3. On appeal, the learned CIT(A) considering the submissions made by the learned AR of the assessee and following the decision of ITAT in the assessee's own case for Assessment Years 2001-02 to 2006-07 allowed the claim of the assessee.

4. Before us the learned CIT-DR submitted that ITAT in order dated 29th April, 2011 for the Assessment Years 2001-02 to 2006-07 had considered the following decisions:-

Motor & General Sales (P) Ltd. vs. CIT226 ITR 137 (All.); & A.W. Figgis & Co. (P) Ltd. vs. CIT, 254 ITR 63 (Cal.).
He submitted that the facts of the assessee's case were closure to the facts of the case of Motor & General Sales (P) Ltd. (supra) as compared to the case of A.W. Figgis & Co. (P) Ltd. (supra). In view of the decision in the case of Motor & General Sales (P) Ltd. (supra) the loss on sale of repossessed assets was not allowable. He further submitted that loss claimed by the assessee is not allowable u/s 36(1)(vii) read with sec. 36(2) on the ground that the conditions laid down u/s 36(2) were not satisfied. The assessee was not in the business of banking or money lending in terms of sec. 36(2)(i). NBFCs do not have a banking or money lending licence and are subject to separate regulations. Therefore, the loss claimed was not allowable in terms of sec. 36(1)(vii) read with sec. 36(2) of the Act. On the other hand, the learned AR of the assessee relied on the decision of Hon'ble Delhi High Court in the case of CIT vs. Citicorp Maruti Finance Ltd. in ITA 1712/2010 and 1714/2010 dated 29th November, 2010.

5. We have heard both the parties and have perused the material available on record. We find that the issue is squarely covered by the decision of ITAT dated 29th April, 2011 in ITA Nos.2181 to 2183/Del/2010 in assessee's own case for the Assessment Year 2002-03, 2005-06 & 2006-07, wherein while allowing the relief to the assessee it has been held under:-

"3. Though it has been the case of Ld.
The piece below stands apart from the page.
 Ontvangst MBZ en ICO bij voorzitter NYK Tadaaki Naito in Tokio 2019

DR that the aforementioned decision is distinguishable on the ground that it is not coming out of the order of the Assessing Officer and CIT(A) that whether or not who was the owner of the repossessed vehicle and, therefore, the ratio of the decision in the case of M/s. Citi Corp. Maruti Finance Ltd. could not be followed without ascertaining that fact. However, as against that it is the case of Ld. AR that all the facts have been considered and discussed in the order of the Assessing Officer and CIT(A). It has clearly been brought out in the order of the Assessing Officer and CIT(A) that the assessee did not become the owner and no depreciation whatsoever was claimed by the assessee. After hearing both the parties, we find that no distinguishable feature has been brought on record by the ld. DR to deviate us from the decision taken by the Tribunal in assessee's own case for assessment year 2003-04. Therefore, the facts being identical, we are of the opinion that learned CIT(A) has rightly deleted the addition and his order on this issue is upheld. The common ground taken in all the appeals regarding loss on sale of repossessed assets is dismissed."
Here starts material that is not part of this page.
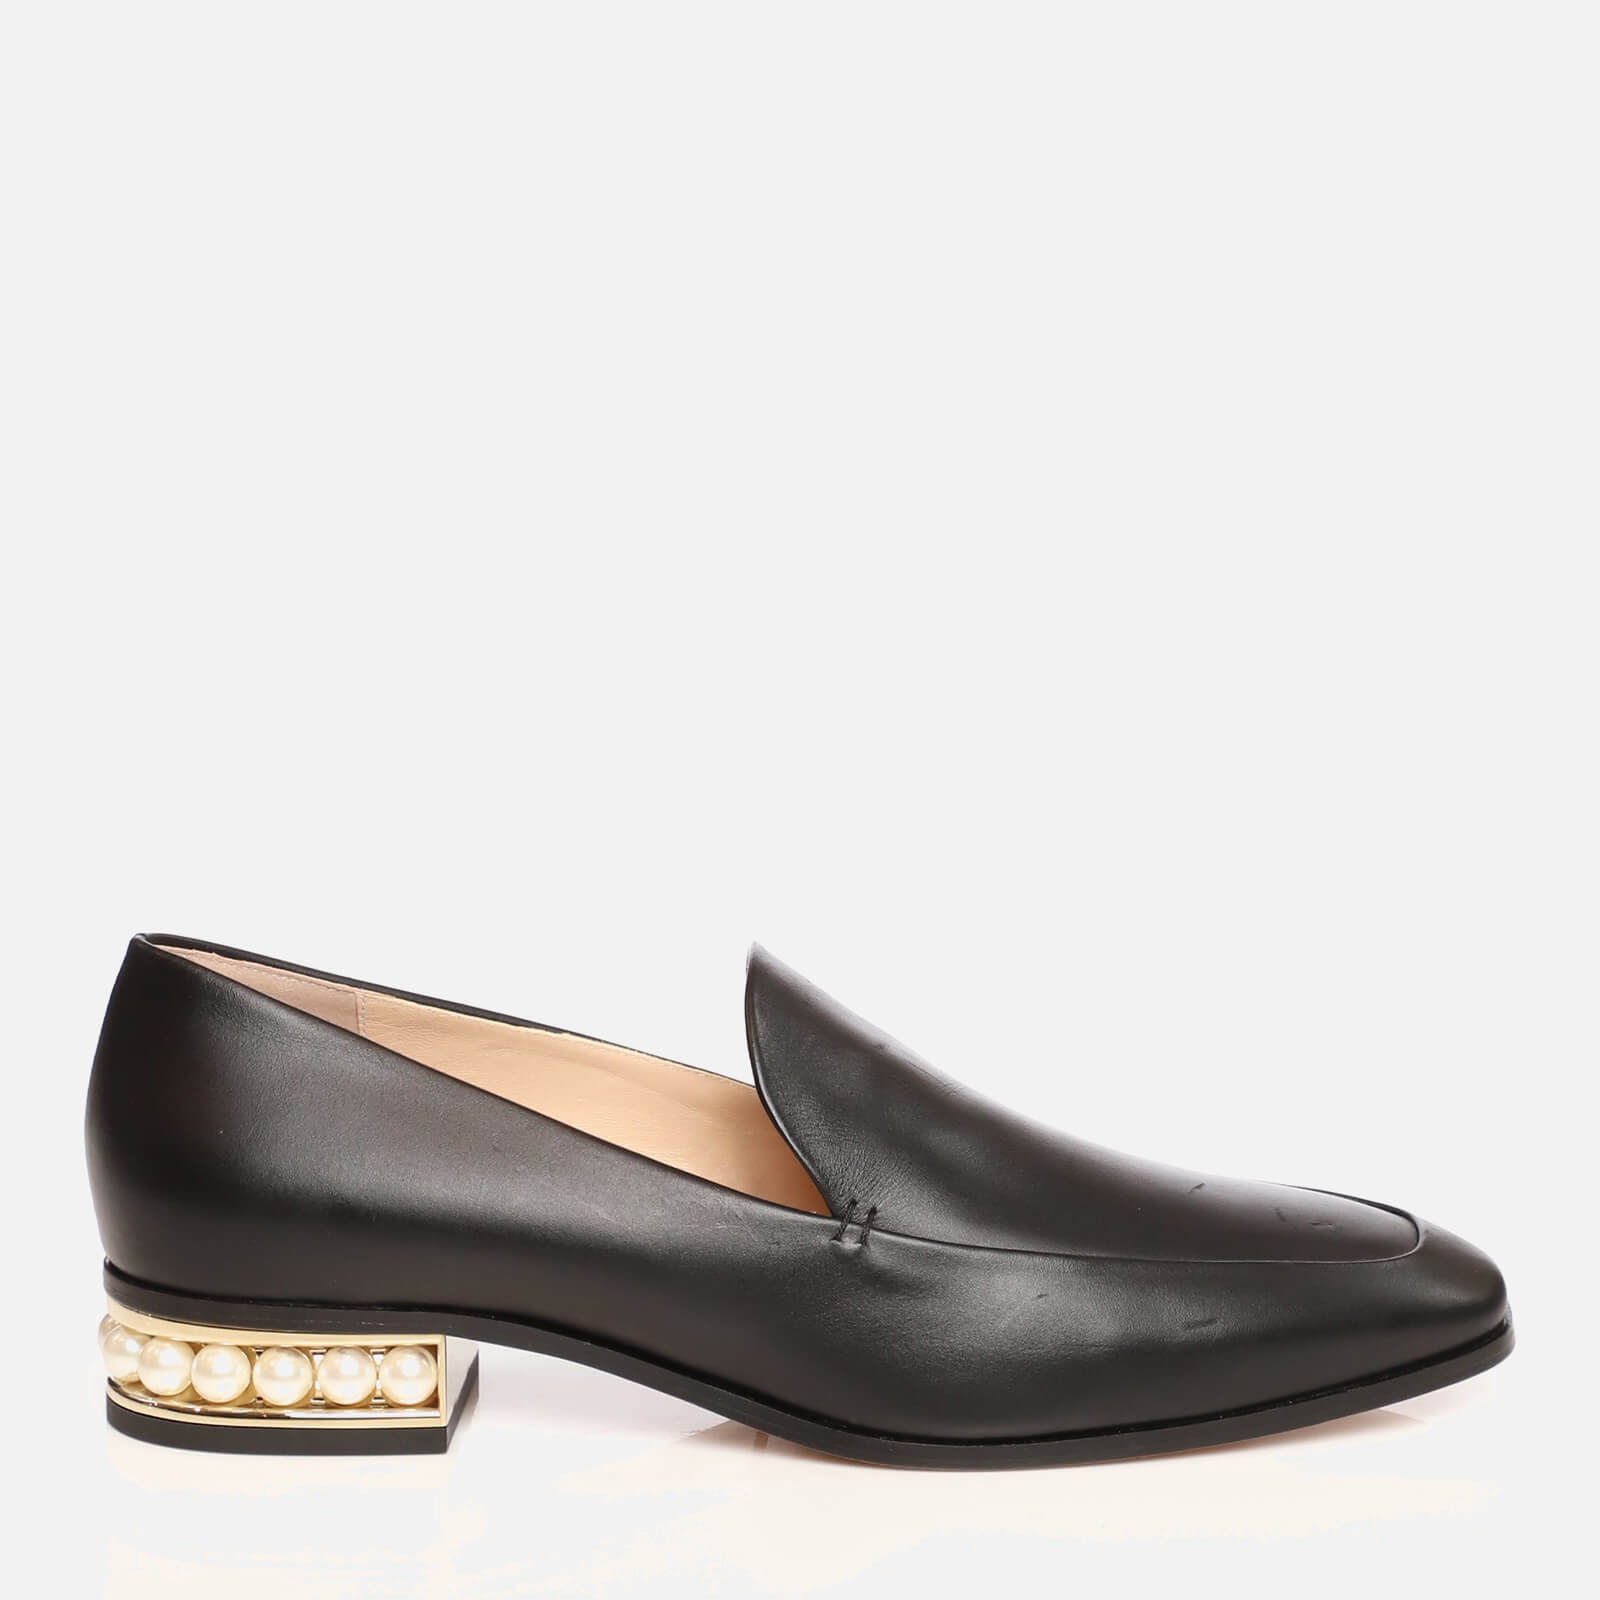 Nicholas Kirkwood Women's 25mm Casati Leather Loafers - Black - UK 4

6. We also find that the Hon'ble Delhi High Court in their order dated 13th October, 2011 in ITA Nos.1145/2011 to 1147/2011 has dismissed the appeal filed by the Revenue against the order of ITAT dated 29th April, 2011 on this issue. Therefore, respectfully following the decision of Hon'ble Delhi High Court, we do not find any infirmity in the order of the CIT(A) deleting the addition following the decision of ITAT in assessee's own case.

7. Next issue for consideration relates to deleting the addition of Rs.44,01,848/- on account of advertisement and business promotion expenses. During the course of assessment proceedings the AO found that the assessee had claimed Rs.88,03,696/-as advertising and sales promotion expenses in the profit and loss account. The assessee had incurred the expenses on advertisement for promoting and sustaining the brand Maruti which does not belong to the assessee. Such expenses enhanced the image of the brand `Maruti' in the eyes of general public. The AO disallowed 50% of the expenses on advertisement and business promotion expenses.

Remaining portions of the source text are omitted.